Thursday, May 23, 2013
Hatfields and McCoys
At my parents' and brother's farming operation in Pratt County, corn is king. Our 350 acres of dryland corn pale in comparison to the cropland they have allocated to dryland and irrigated circles of corn.
Randy was happy to have his corn planting interrupted with rain because of the benefits to the 2013 wheat crop and to our drought-strained pastures. At the same time, my brother was ready for some uninterrupted corn planting. I guess it's the difference between a Wheat Farmer and a Corn Farmer. (In all fairness, Kent is thankful for the moisture, too. He just would have liked to order it like you order a Diet Coke at the drive-through. Aren't all farm families like that, if we're honest?)

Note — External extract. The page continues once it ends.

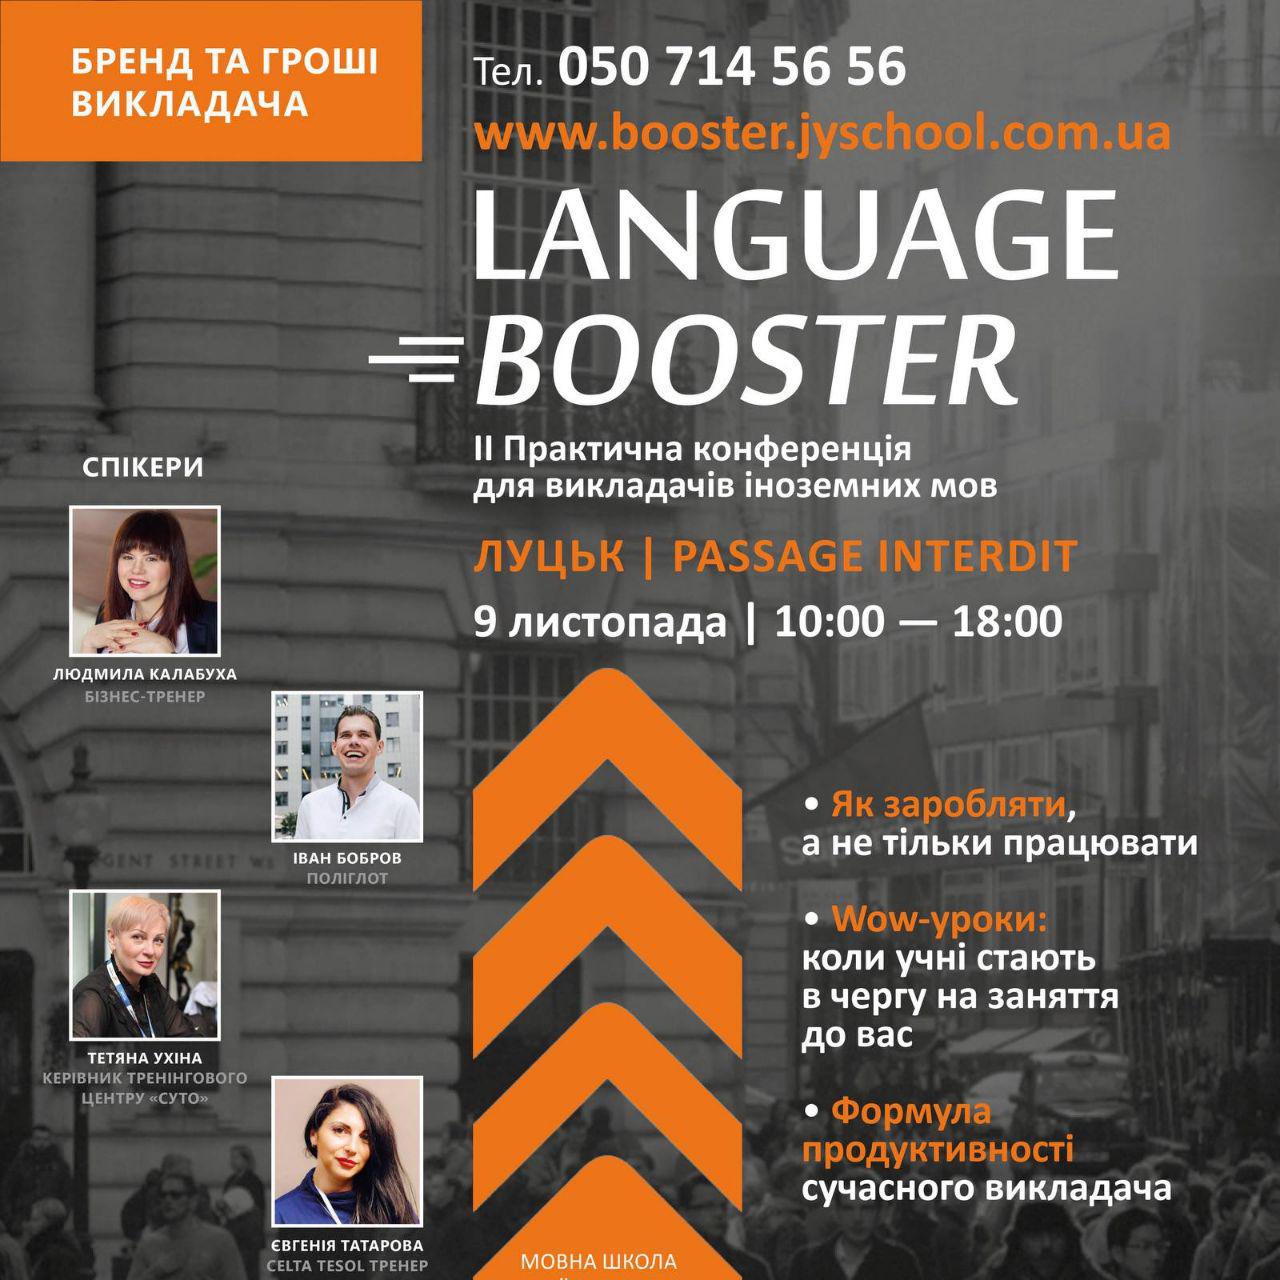 У Луцьку відбудеться наймасштабніша на Волині конференція для викладачів іноземних мов*

Wheat is still our primary crop at the County Line. But this year, we have added a new crop to the rotation. We planted corn for the first time in our 32 years of farming together.
Corn was a primary crop in this area when it was settled. The 6th Biennial Report of the Kansas State Board of Agriculture of 1888 reported that corn was the main crop for Stafford County, covering 48,030 acres. Oats were grown on 10,849 acres, while the winter wheat crop totaled 8,717 acres. Pasture ground was tallied at 13,446 acres. Other crops in 1888 were millet, spring wheat, rye, Irish and sweet potatoes, sorghum, castor beans, cotton, flax, hemp, tobacco and broom corn. Swine outnumbered cattle in livestock. (Information taken from Stafford County History: 1870-1990.)
So, in some ways, I guess we are returning to Randy's Stafford County farming ancestors' roots. However, the corn planted today is much different than the varieties planted 125 years ago.
Today, many farmers plant RIB corn (refuge in a bag) - whether it's irrigated or dryland.
Additionally, corn is Round-Up ready, and milo is not. We have been having trouble controlling weeds in milo. If there are weeds and grasses in the corn, we can spray with Round-Up without harming the growing plants.